As is common with the lower end of Microsoft products, the selling point is that they make it very easy to do what they think you want to do. The ability of VB to knock out an interactive form with near-zero knowledge of programming has encouraged a lot of colleges to sell people the idea that a ten-week course of dragging and dropping text box objects is programming whilst a lot of cheap or ignorant employers have taken the graduates at their word and plunged them in over their heads.

VB is a poor language in many ways and not, imo, suited to a large or sophisticated project. But you can find good VB programmers (was one). It's just that it encourages bad ones.

Oh, the summary is also wrong. C# hasn't started springing leaks. The programmers missed a reference to objects that they were creating and the garbage collection therefore never triggered to unallocate the memory. I don't doubt it's not easy to automate a vehicle to drive any even 9 miles, but this could have been detected with more thorough debugging. At any rate, the article submitter and overseeing editor should be ashamed of twisting this into an anti-Microsoft jab. I'm a Linux programmer. I can tell you that Linux can compete happily without sinking to the level of lies and misinformation.

Reference counting

[Megane]

I just read TFA and it doesn't give any details. My guess? I just checked, and C# apparently uses reference-count garbage collection. That means that an object will stay around until there are zero references to it. The best way to create an object that will never go away is to create a circular linked list, then delete the reference to the list. All the items refer to each other, but there is nothing else that references them. But any complicated data structure that can have circular references will leak memory.

A mark-sweep garbage collector will catch this, but at the cost of interrupting the program temporarily to do GC. This isn't exactly friendly to real-time applications.

So basically this looks like a classic noob blunder. Just because there is "automatic" garbage collection doesn't mean that you can turn your brain off.

Re:Well, there's your problem!

[_merlin]

I'm guessing you wanted me to laugh, but in a highly parallel system, going through the code line by line is often the most effective way of finding a problem. When you catch the bug on a running system, you can see the state it's got itself into. But to figure out how it could have got there, you need to read and analyse the code. People are often far too eager to jump into the debugger when critically analysing the code is often a better solution.
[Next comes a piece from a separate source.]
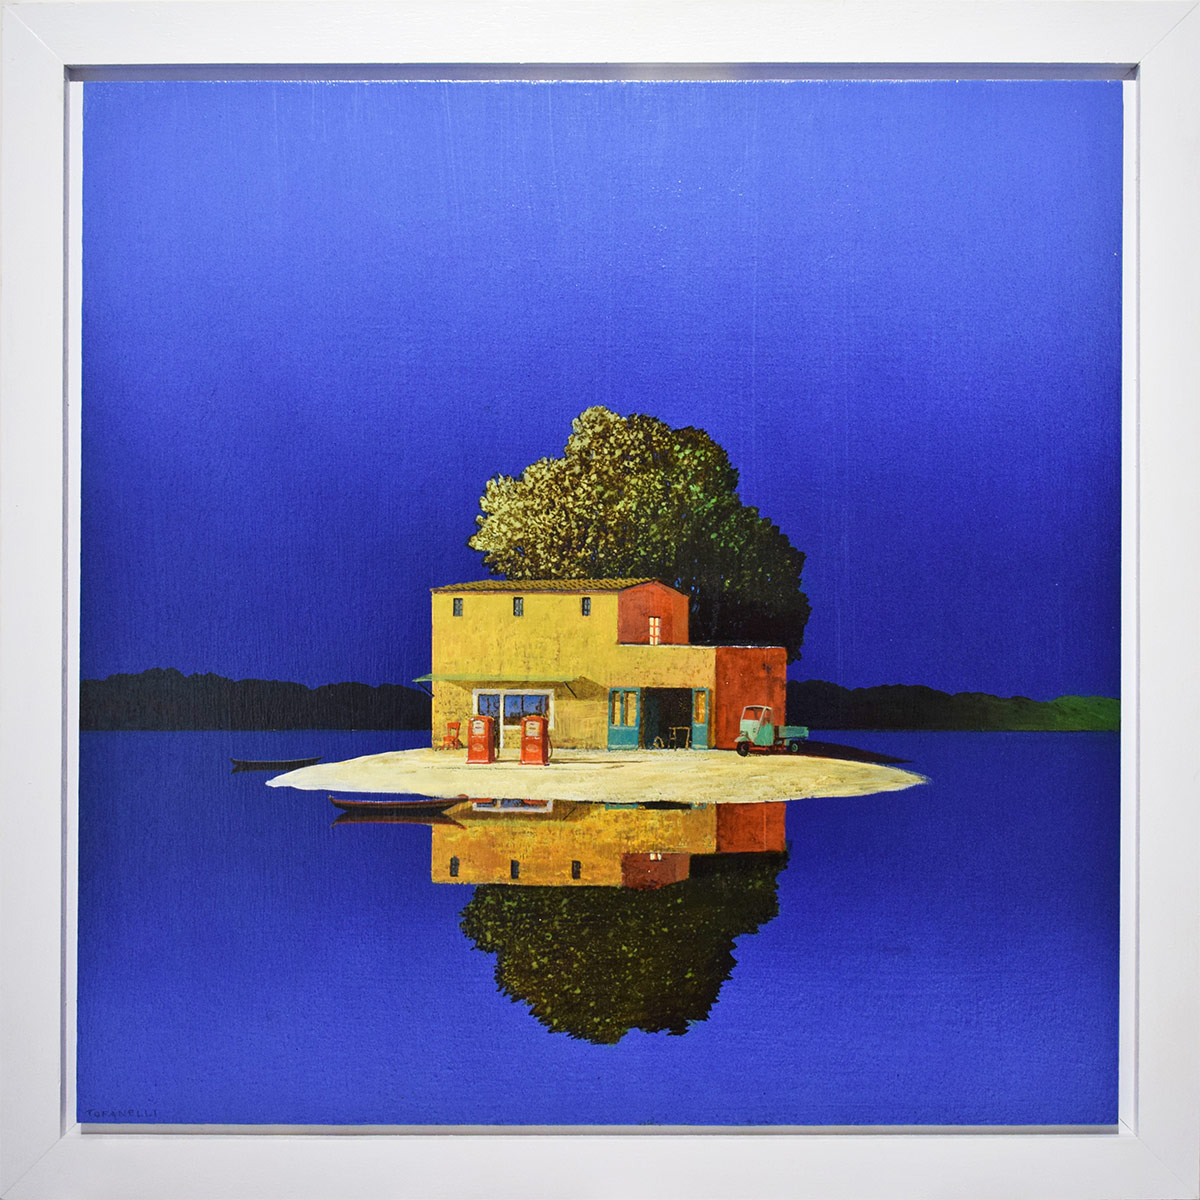 ISOLE III by the artist Alessandro Tofanelli

It obviously doesn't work in situations like this where the bug is in the runtime and not the application.

Re:only 10KLOC?

[dkf]

What surprises me most is the small size of their software, only 10 thousands lines of source code (I think that the average car processor already have these for today's cars -ignition & braking systems-). Given a team of a dozen programmers working for a year, I was expecting at least 50KLOC, or maybe 200KLOC (for example, the GCC compiler is 3MLOC, and the linux kernel has comparable size.)

Ah, but that 10kLOC needs to be the right 10k, and not all lines of code are the same (incrementing a variable is quite a bit simpler than calling a complex method). Plus you also don't know how many lines of code they threw away.

Re:I'll show you mine if you..

[WhatAmIDoingHere]

Slashdot is a blog not a news source. I wish more people would realize that.

Re:I'll show you mine if you..

[bhima]

Fuck. You are so right. This article is just some advertisement for some obscure profiler.

However I take exception to your use of the world "Editor". Slashdot does not have Editors. They have guys who accept submissions.
They don't read The Fucking Articles, They don't check links, The don't edit submissions...

Re:Reference counting

[noidentity]

I just checked, and C# apparently uses reference-count garbage collection.

I highly doubt that. Got a link?

Re:Stupid Slashdot headline

[gbjbaanb]

And given the level of skill the average programmer has, anything that makes memory leaks less likely (though not impossible) has got to be seen as a good thing.

NO! It is not a good thing, if a program slowly leaks memory then it just makes it harder to find the bug. If you have to reboot the app every week because it has a little leak, no-one's going to be bothered (except the users who see it slowly getting slower). If it has to be restarted daily then you're going to be looking to fix the bug.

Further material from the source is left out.